Hollywood Express works by checking that each actor arrives in perfect condition, and, if he doesn’t, calling up the home office and requesting that the actor’s identical twin be sent instead.

  • If the actors arrive in the wrong order Hollywood Express rearranges them.
  • If a large UFO on its way to Area 51 crashes on the highway in Nevada, rendering it impassable, all the actors that went that way are rerouted via Arizona and Hollywood Express doesn’t even tell the movie directors in California what happened.

To them, it just looks like the actors are arriving a little bit more slowly than usual, and they never even hear about the UFO crash.

That is, approximately, the magic of TCP. It is what computer scientists like to call an abstraction: a simplification of something much more complicated that is going on under the covers.

2.1 Reliability

To create the illusion of a reliable channel, TCP partitions a byte stream into discrete packets called segments. The segments are sequentially numbered, which allows the receiver to detect holes and duplicates. Every segment needs to be acknowledged by the receiver. When that doesn’t happen, a timer fires on the sending side and the segment is retransmitted. To ensure that the data hasn’t been corrupted in transit, the receiver uses a checksum to verify the integrity of a delivered segment.

2.2 Connection lifecycle

A connection needs to be opened before any data can be transmitted on a TCP channel. The operating system manages the connection state on both ends through a socket.

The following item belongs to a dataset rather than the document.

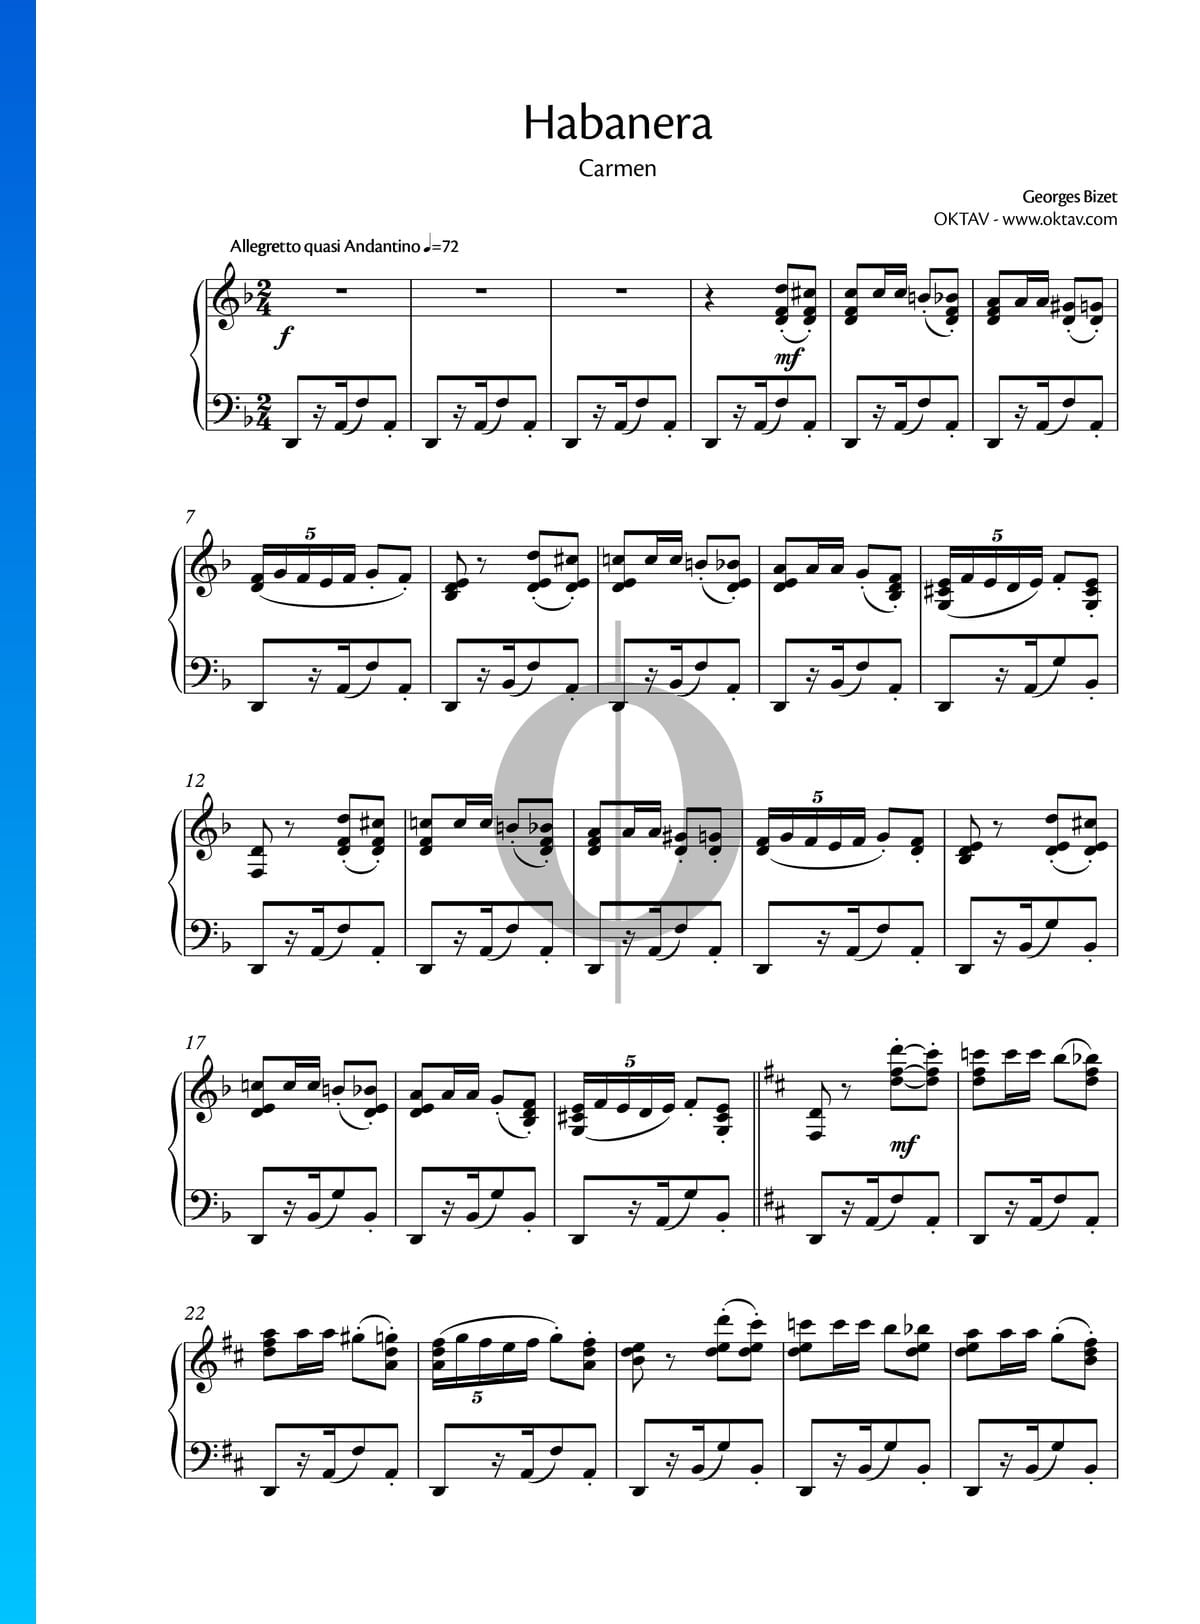 Actual encanto Laboratorio Habanera Partitura » Georges Bizet (Piano Solo) | Descarga PDF - OKTAV

I was intrigued by the word socket on encountering it many times before, but could not fully explain what it is. I guessed I have to borrow this definition, and go with it for now:

A network socket is a software structure within a network node of a computer network that serves as an endpoint for sending and receiving data across the network.

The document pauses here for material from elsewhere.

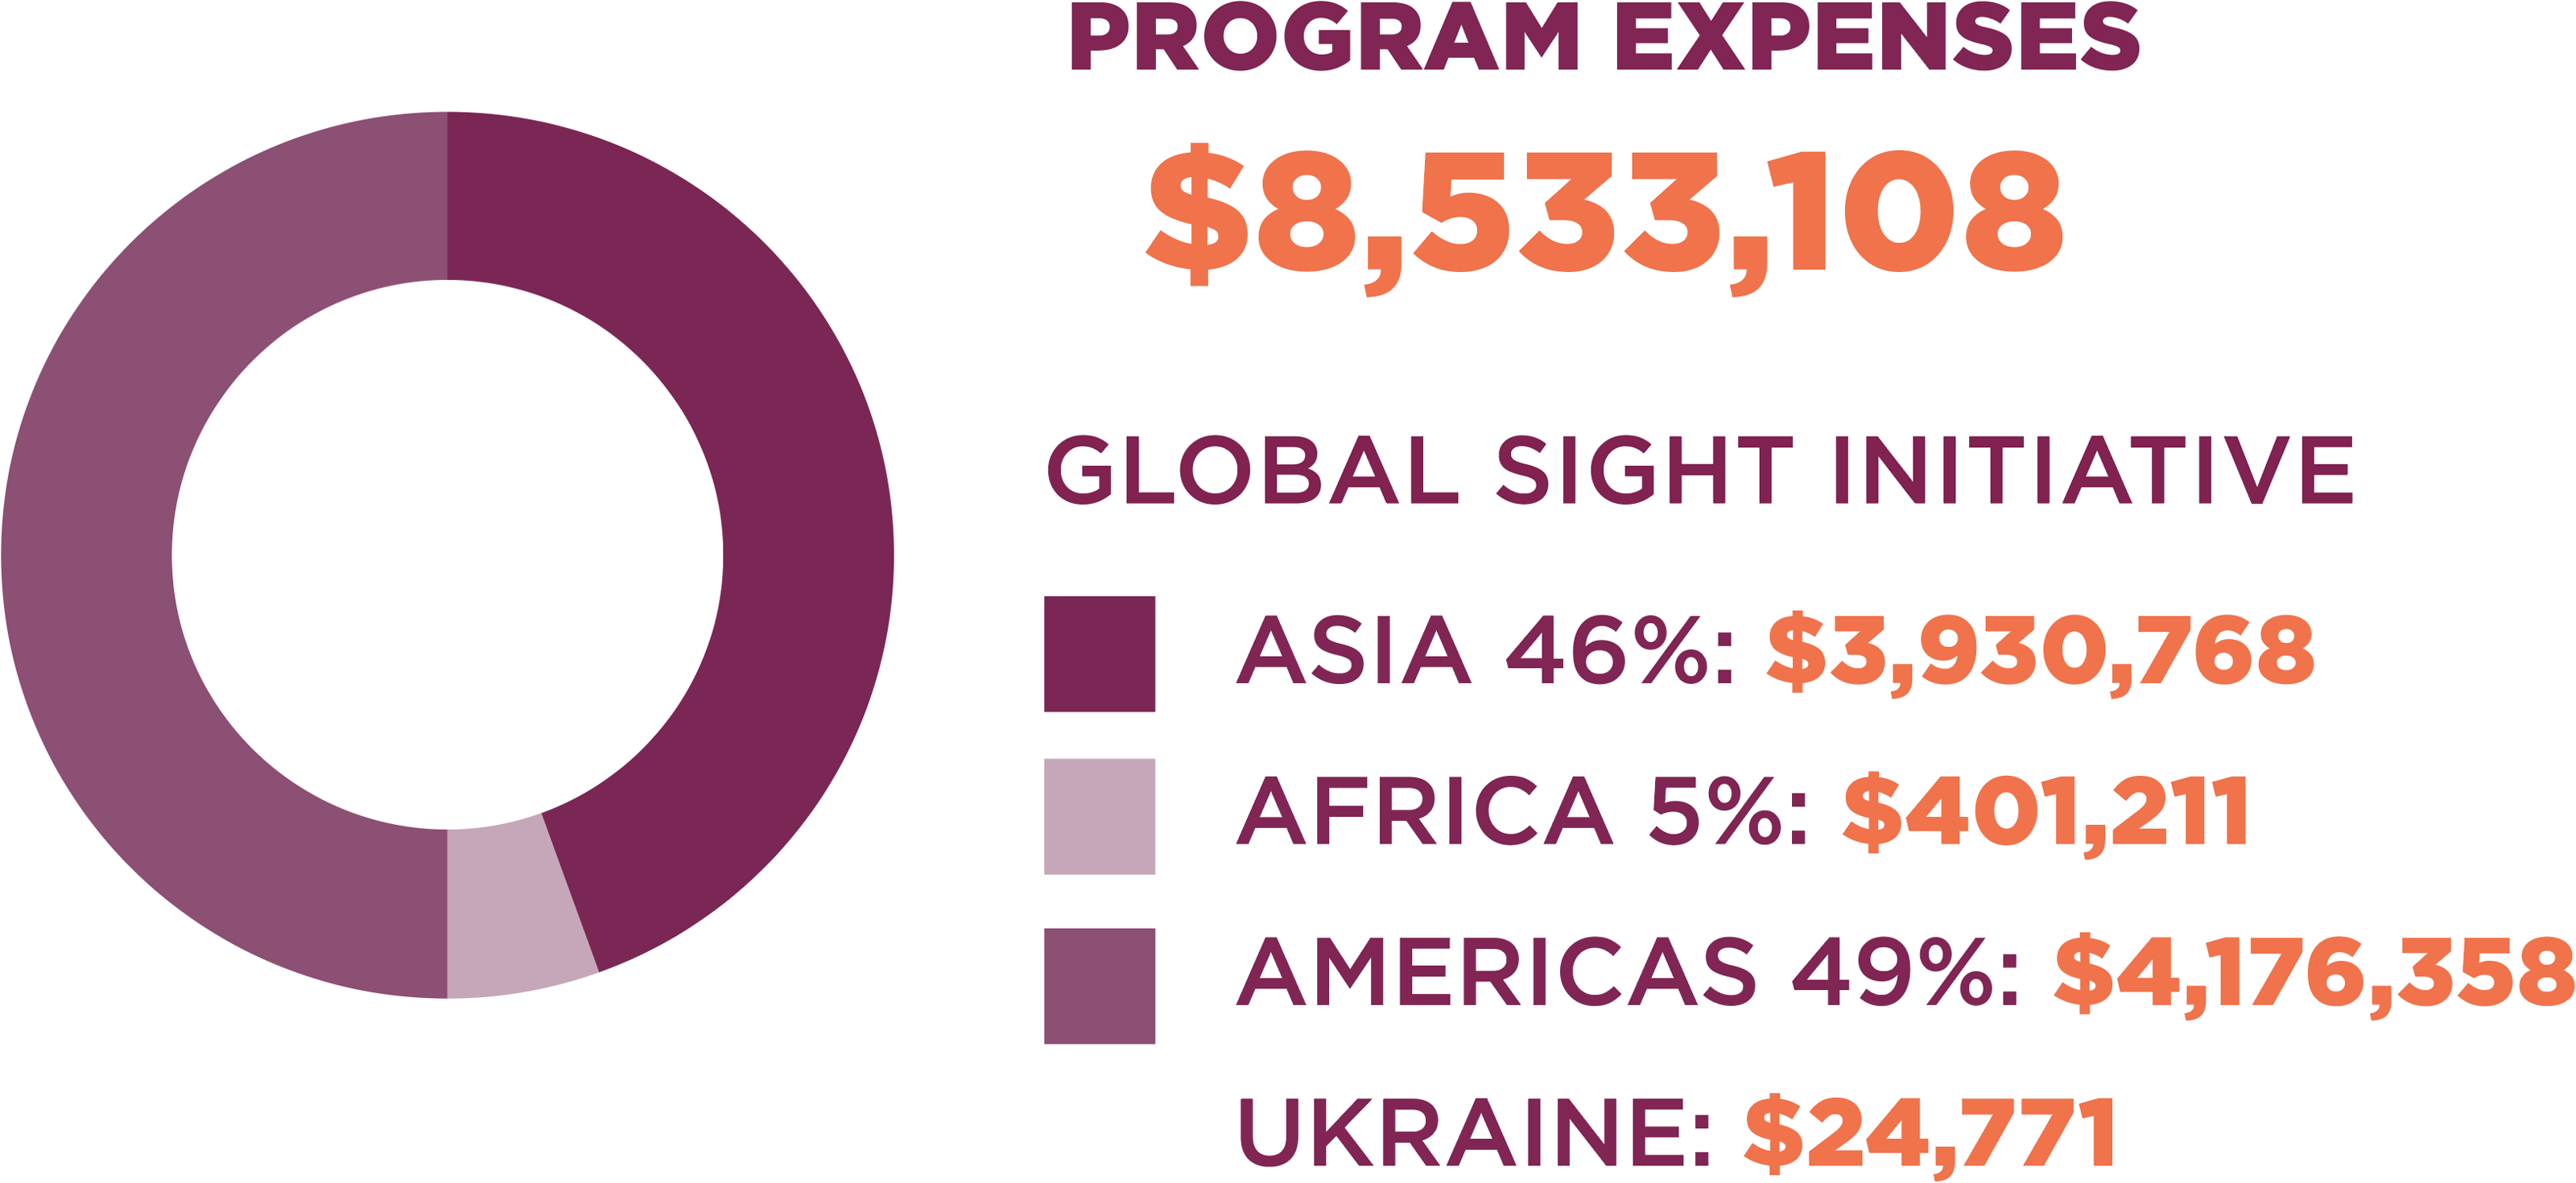 Program Expenses: $8,533,108. Asia 46%: $3,930,768. Africa 5%: $401,211. Americas 49%: $4,176,358. Ukraine: $24,771.

https://en.wikipedia.org/wiki/Network_socket

Windows has Winsock, while Unix/Linux has Unix Domain Socket, which is a file.

The socket keeps track of the state changes of the connection during its lifetime. At a high level, there are three states the connection could be in:

  • The opening state in which the connection is being created.
  • The established state in which the connection is open and data is being transferred.
  • The closing state in which the connection is being closed.

In reality, this is a simplification, as there are more states than the three above.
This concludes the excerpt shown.